Q: Do you have any trouble borrowing?


A: We have a 70 year old partner who’s never allowed to retire since he does such a
great job finding the borrow. He monitors rebates and knows when a short squeeze
is coming or ending. It shows up as a change in the rebate.

Q: How can Short Sellers be flat in an up 30% market?


A: It depends on the breadth of the 30%. In 1999 only 2 sectors went up, so it was
easy to find stocks that went down. Conversely, if you weren’t long tech you did fine
in 2001/2002. So a Narrow advance is fine, a broad advance is not.
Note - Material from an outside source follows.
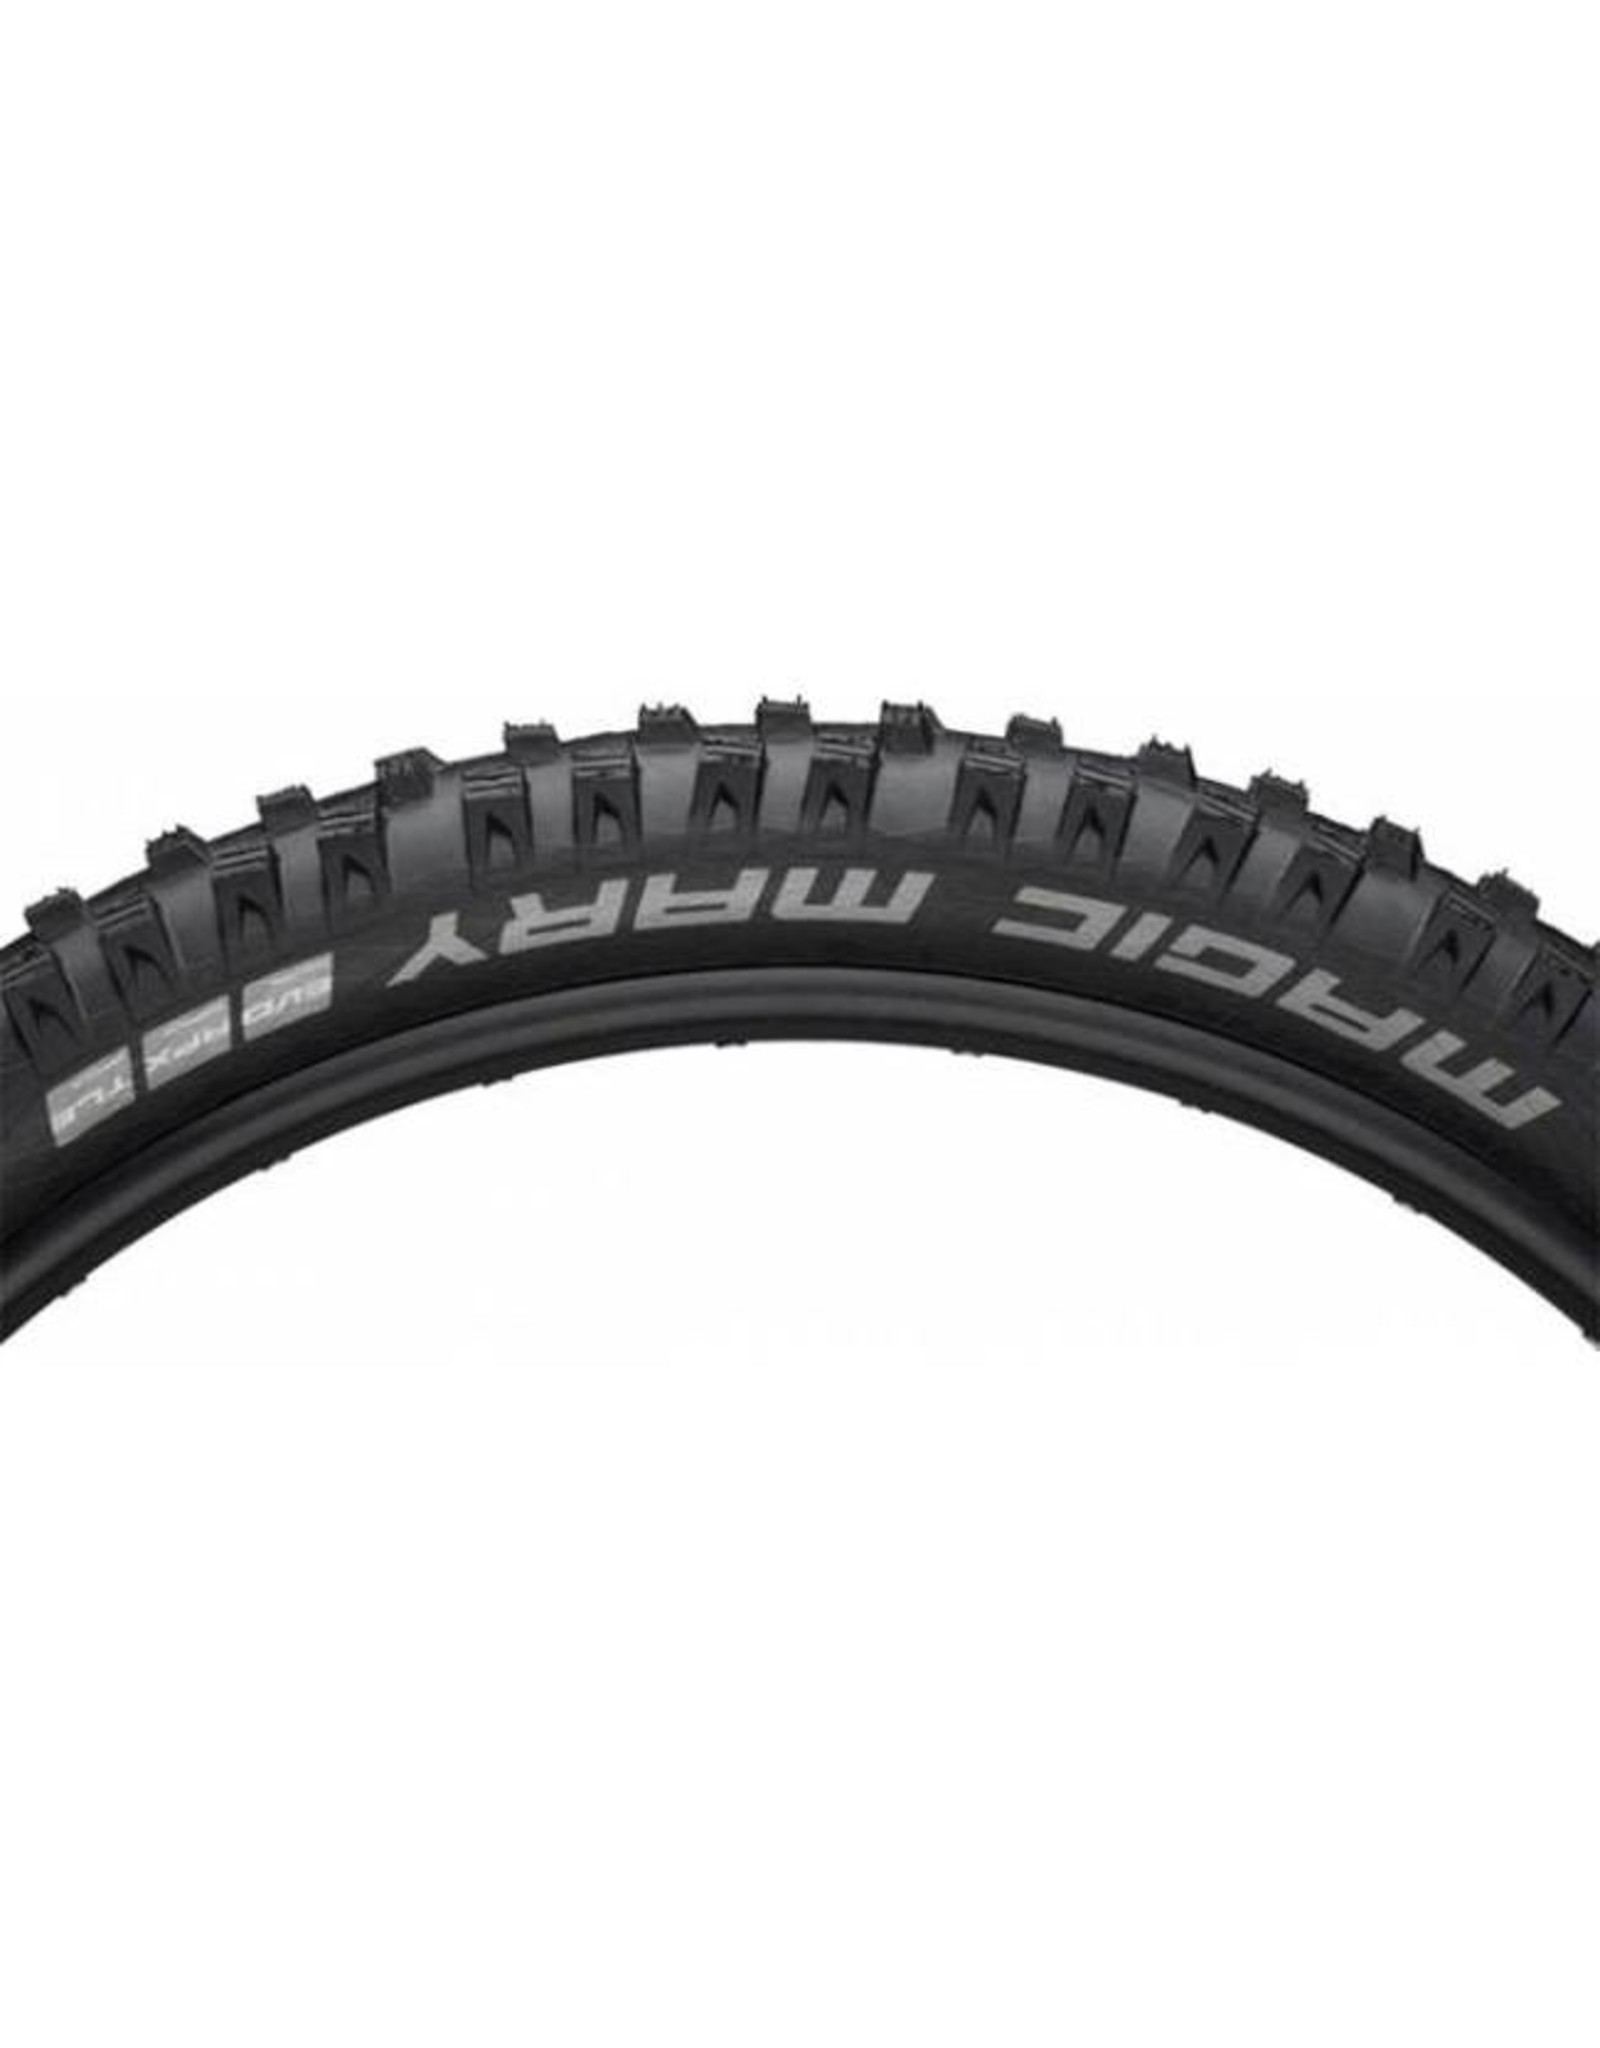 "Schwalbe Schwalbe Magic Mary Tire: 27.5 x 2.80"", Folding Bead, Evolution Line, Addix Soft Compound, SnakeSkin, Tubeless Easy, Apex, Black"

Q: Thoughts on Regulation?
A: I am the head of the Coalition of Private Investment Companies and we’ve been
calling for registration since 04/05. Back then Washington did not understand the
industry, they still don’t, but they really didn’t then. HFs didn’t take any money from
the government, so it’s a little easier for them to hear our side now. I believe the
short selling in financials in 08 were by other financial institutions who were hedging
their counterparty risk.

Q: How to short China?


A: Obvious is the land development companies and I’ll let you figure out which ones.
But we also short the derivative plays. There was a dramatic increase in
commodities, specifically Iron Ore, in 2005. It went from $30-$40 up to $160. I
expect that will mean revert when China stops building.